How ‘I Saw the TV Glow’ Star Brigette Lundy-Paine Became a ‘Space-Alien Cowboy’
When Brigette Lundy-Paine met director Jane Schoenbrun, they knew they needed to be a part of A24’s emo horror hit, I Saw the TV Glow. It wasn’t that Lundy-Paine (who uses they/them pronouns) shared in Schoenbrun’s specific obsessions; before joining the cast, they had not once watched Buffy the Vampire Slayer, one of the film’s loudest inspirations. Instead, as Lundy-Paine explains it, they have “the same way of delighting in obsession” as Schoenbrun. The two are both into philosophy and theory, and, before long, they were exchanging manifestos about dildos.
I Saw the TV Glow is a story about longing, nostalgia, queerness, and oppression. The film explores, as Lundy-Paine put it at one point during a conversation with The Daily Beast’s Obsessed, what it means to suffer through a social prison—“but also the suffering that is required to break free from it.”

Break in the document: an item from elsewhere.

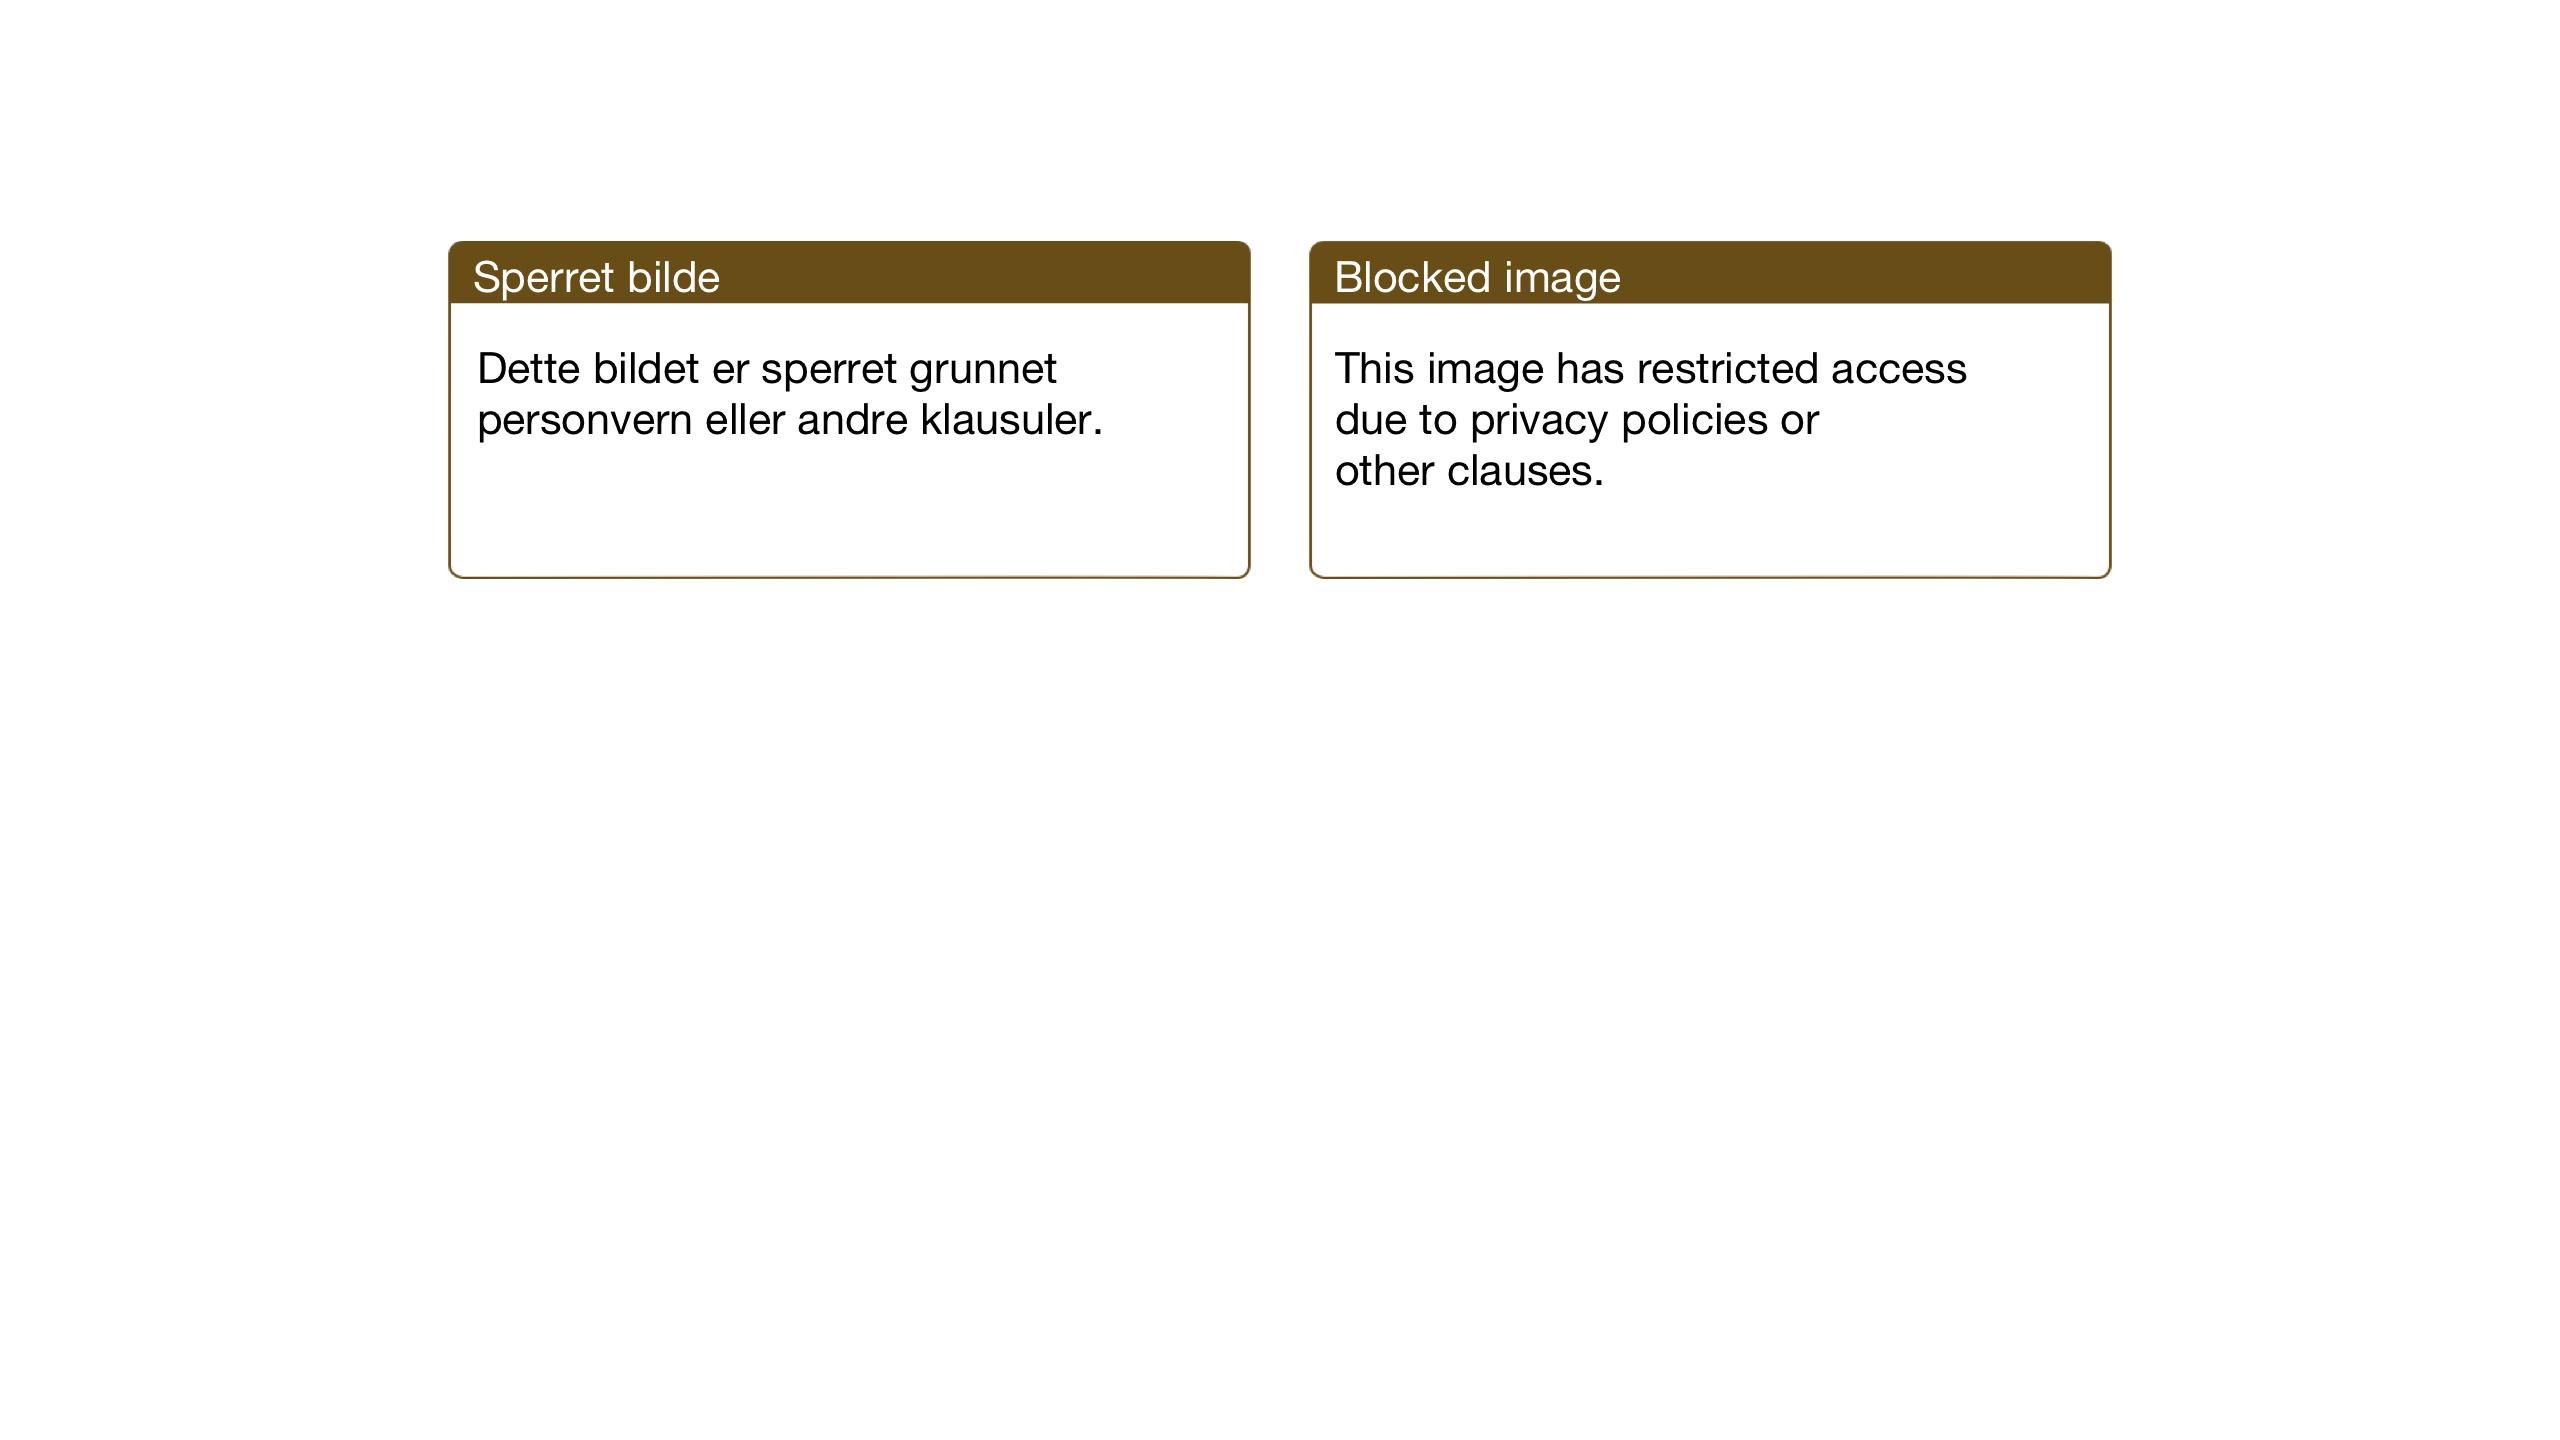 SAT, Ministerialprotokoller, klokkerbøker og fødselsregistre - Nord-Trøndelag, 701/L0019: Klokkerbok nr. 701C03, 1930-1953, s. 191

Alongside films like Theda Hammel’s Sundance comedy Stress Positions and Vera Drew’s Warner Bros. parody The People’s Joker, Schoenbrun’s film has helped make 2024 a big year for mainstream films that center trans issues. While Lundy-Paine recognizes the power that trans cinema holds, they also emphasized their belief that it’s not especially healthy to preoccupy oneself with what’s trendy—“especially if it's based around an identity, because in order to exploit an identity, the power must be taken from it.”